Still, wouldn't you need some way to heat the vegetible oil, because of the viscosity, to push it through the lines.


----------



## V0lt (Sep 14, 2002)

It's usually preheated from the engine... Most diesels can handle SVO in winter, others can't.


----------



## Zazula (Apr 27, 2006)

My experience from RTO is that there is an extensive ongoing experimentization (in academic faculties and research labs) for using alternative fuels in times of war, especially in the heavy-duty diesel engines that tanks are equipped with. The point is not if the engine will burn it or not (it will), the main point of interest is how the maintenance schedule and requirements will get affected, plus what kind of aditives might be needed (if any).


----------



## vegoilman (Jun 13, 2007)

Hey fox how exactly do you think vegoil in a gas tank will become heated. Do you think engine heat goes all the way down the fuel lines and heats fuel in the tank. You have to install a heat exchanger to heat the oil. You would have to do some mods to the existing second fuel tank. If you live where the temps are in the 90's everyday you may not have to install a heat exchanger but to everyone else you will need some way to heat the vegoil in the storage tank and preferably on the way to the engine also.


----------



## V0lt (Sep 14, 2002)

Yeah, and the indirect source of that heat is the engine. I wasn't implying that the heat magically ends up in your vegetable oil tank, I was only saying that part of the system is heating the oil so that it flows freely enough to run through the lines.

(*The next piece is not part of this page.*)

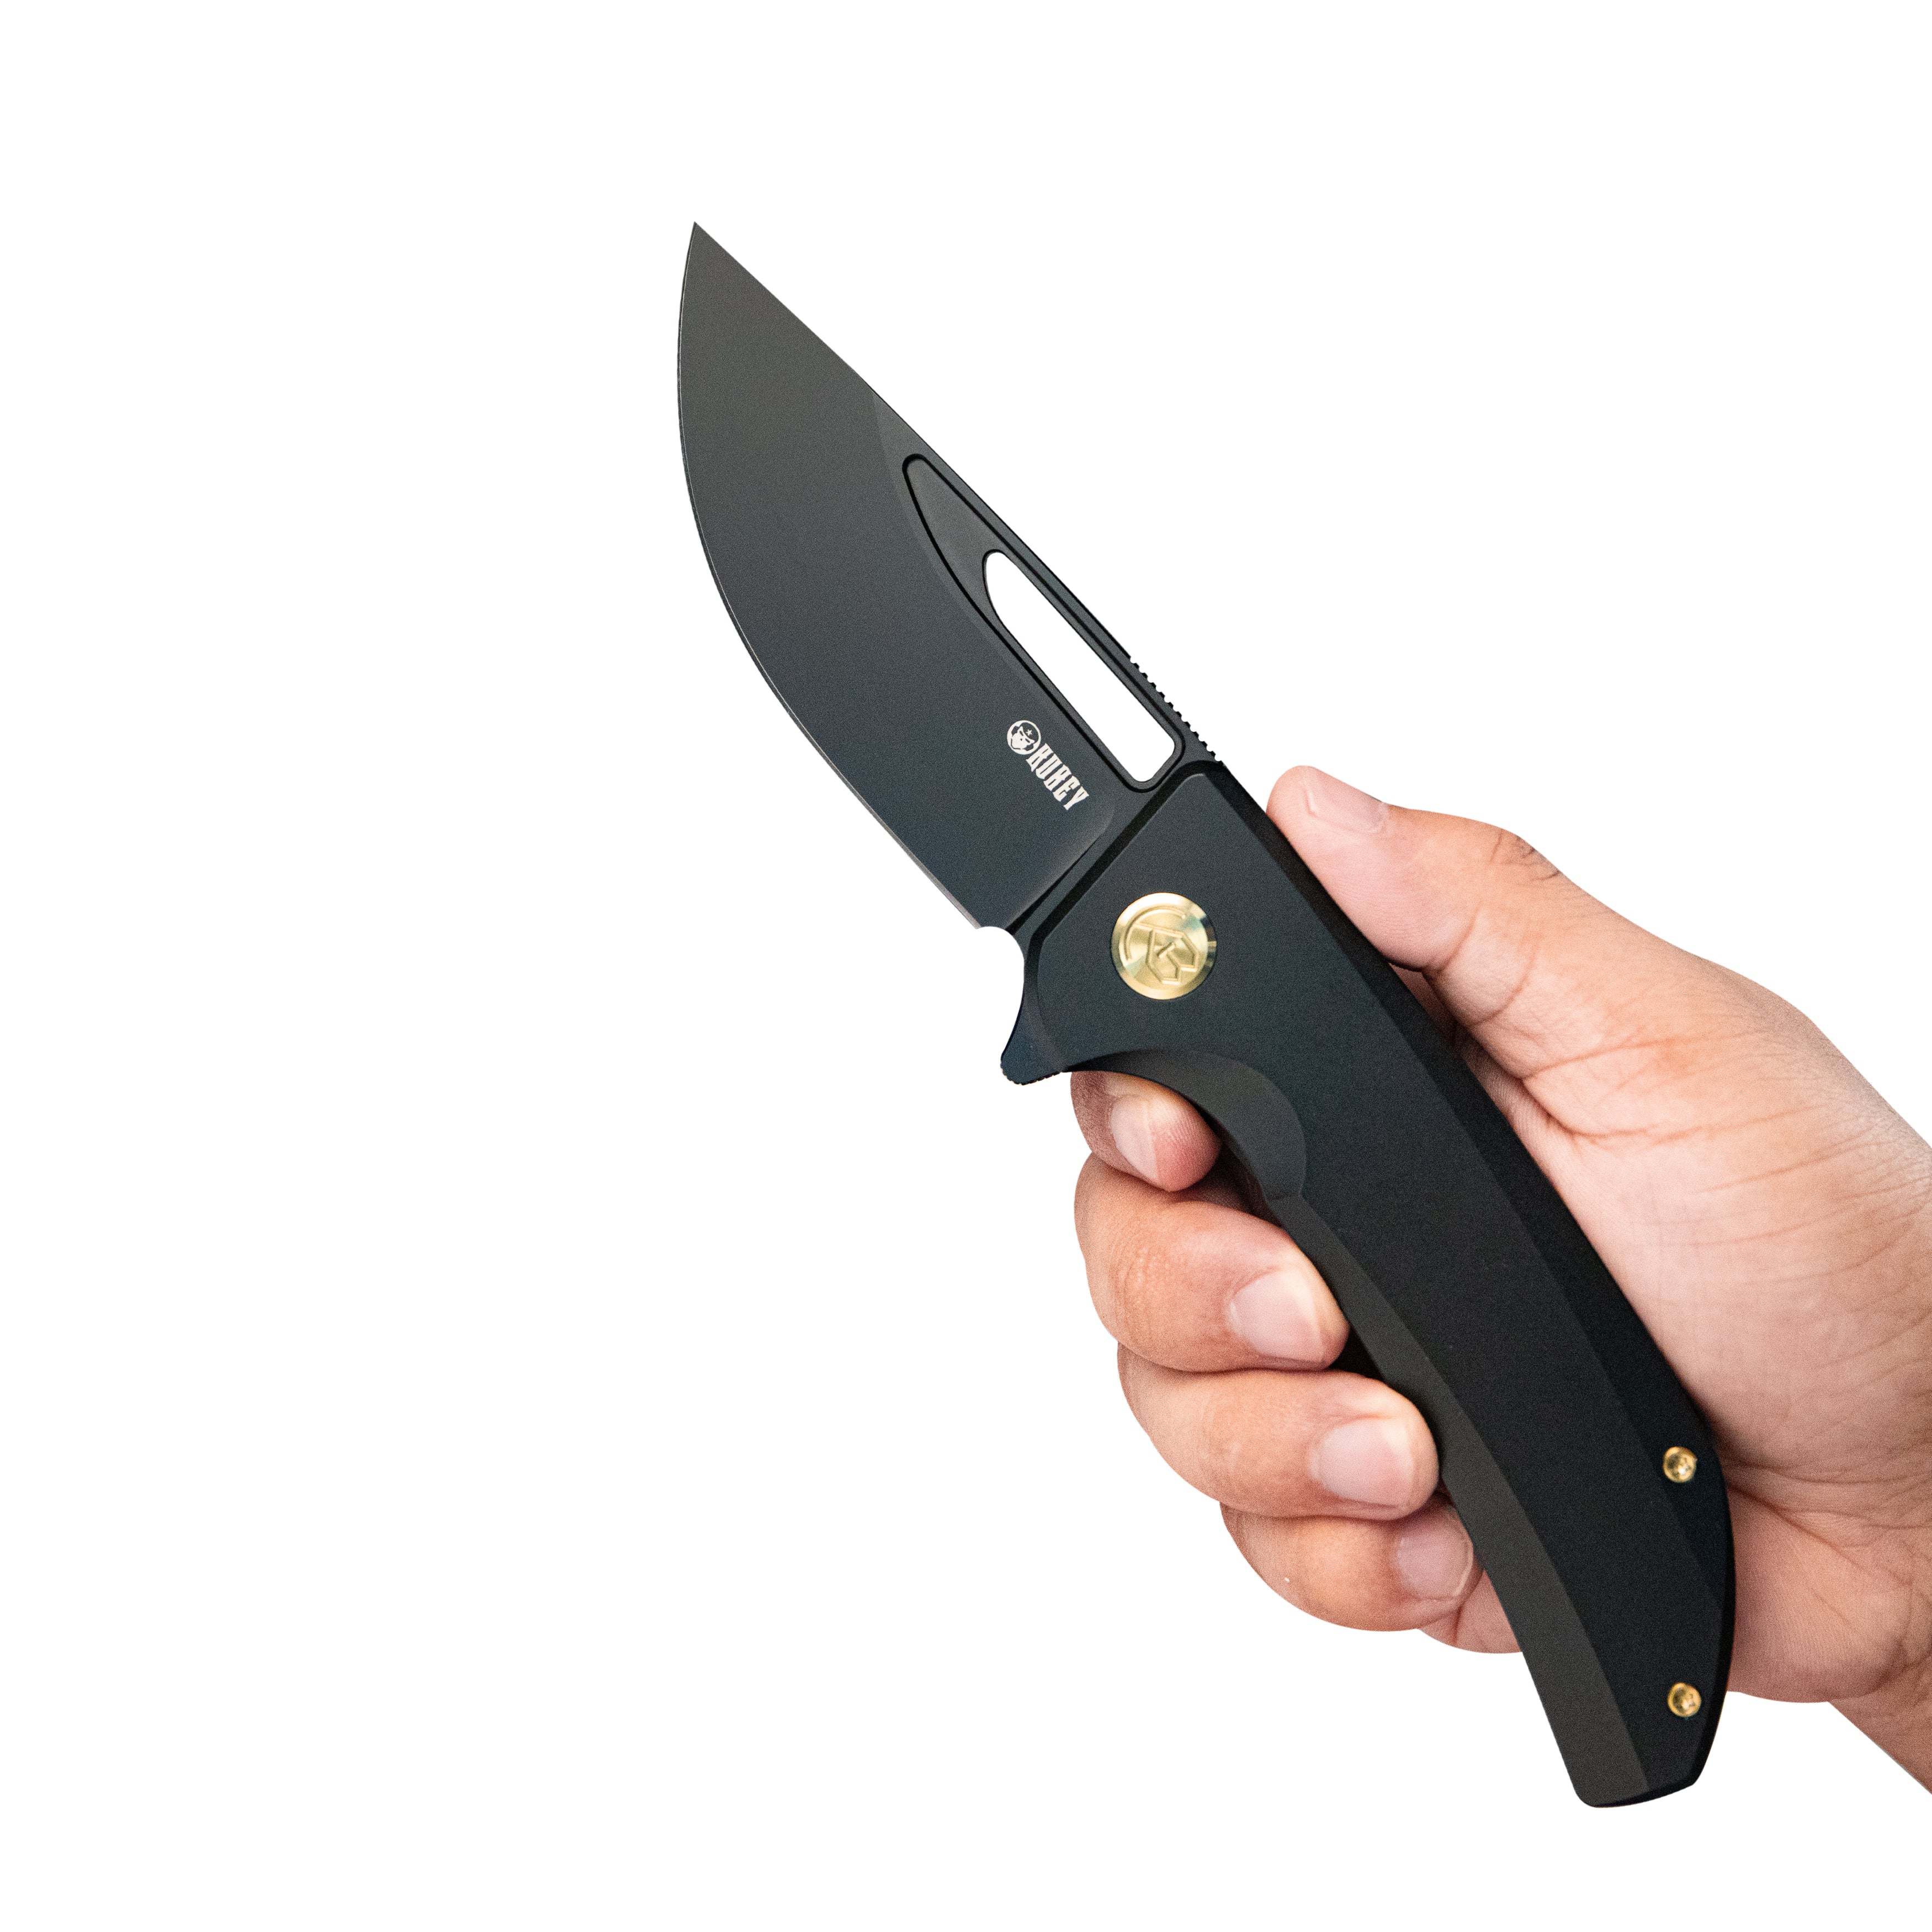 Kubey Hyperion Frame Lock Tactical Knife Black 6AL4V Titanium Handle 3.5" Black Coated CPM-S35VN KB368B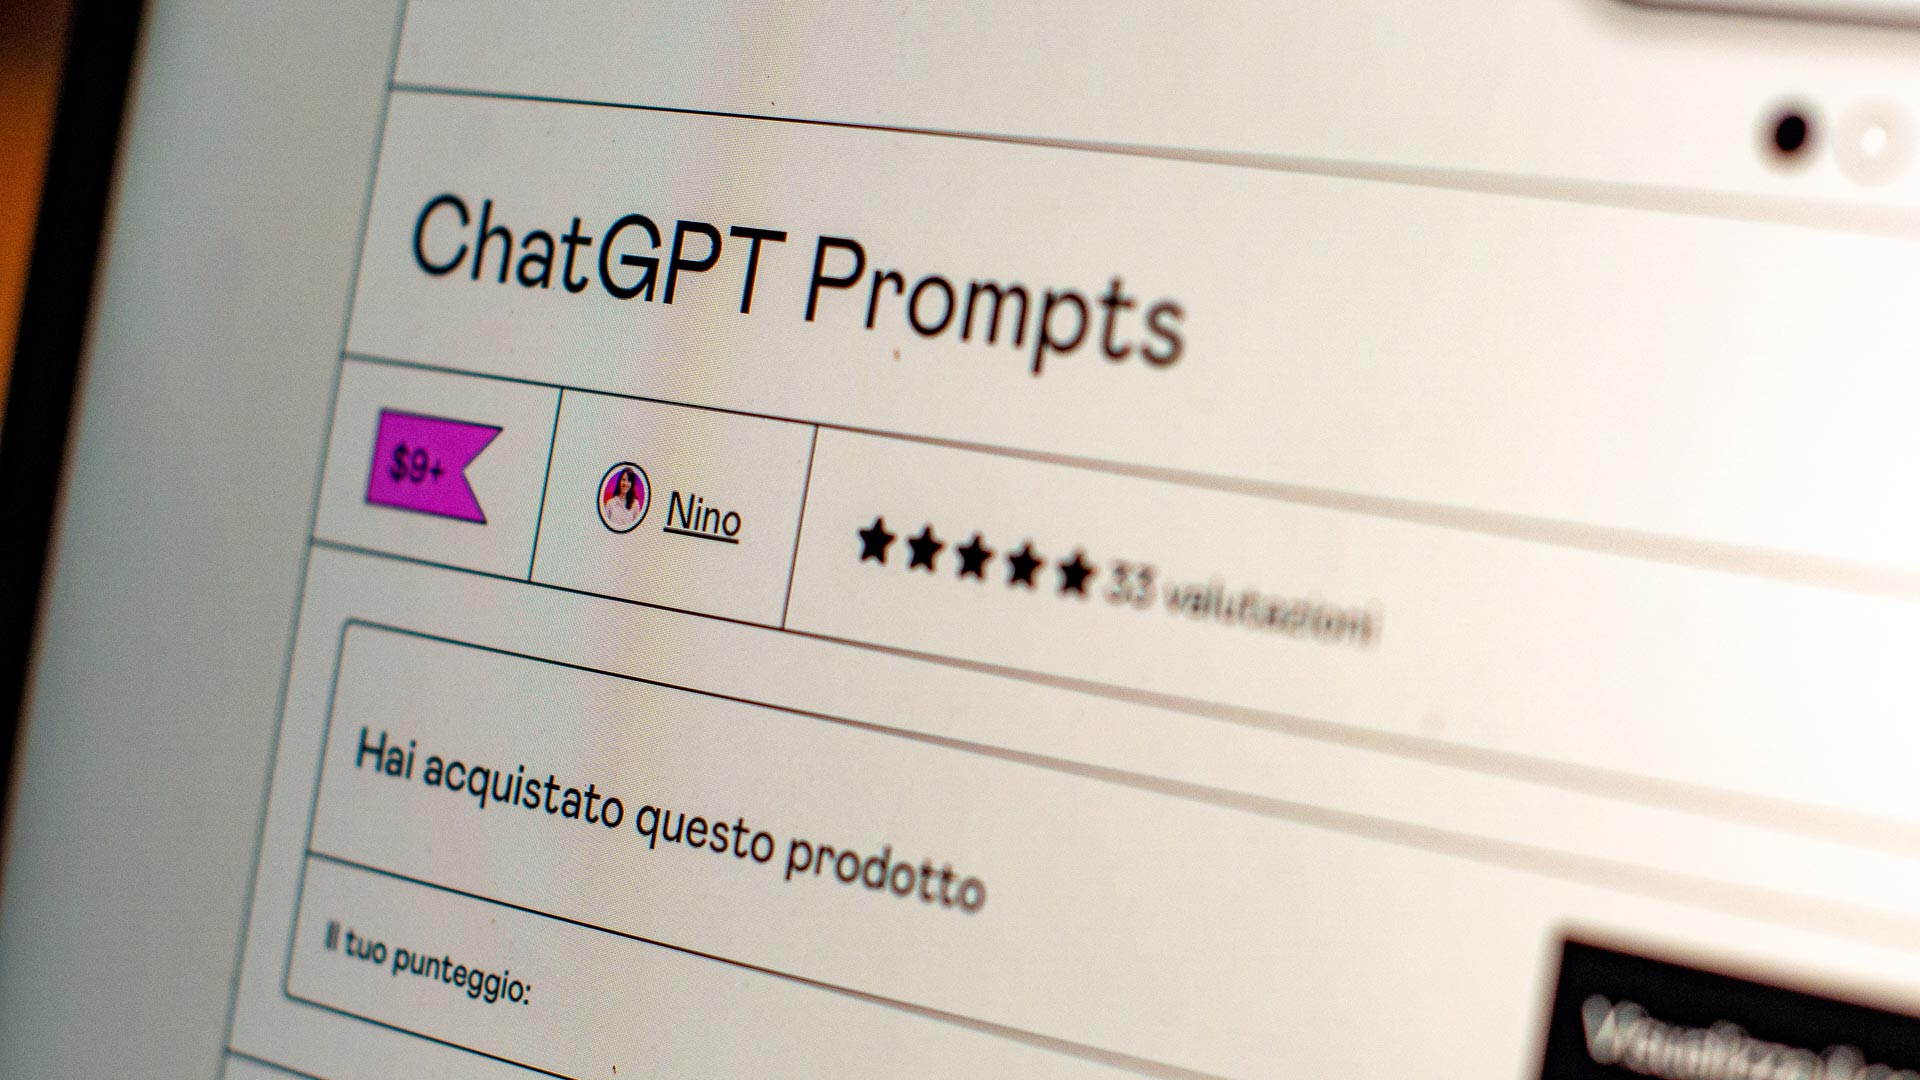 현직 프롬프트 엔지니어의 ChatGPT 프롬프트 작성 팁 3가지

Why are you trying to start up an argument in a thread that's almost a year old?


----------



## carsey (Aug 19, 2006)

Id be very careful with this route. Not only is it illegal in many countries as you dont have to pay tax on the vegetable oil and the emissions your car outputs. Ive heard of trading standards going to farming shows to see who was illegally using red/green diesel in there ordinary cars and not tractors.


----------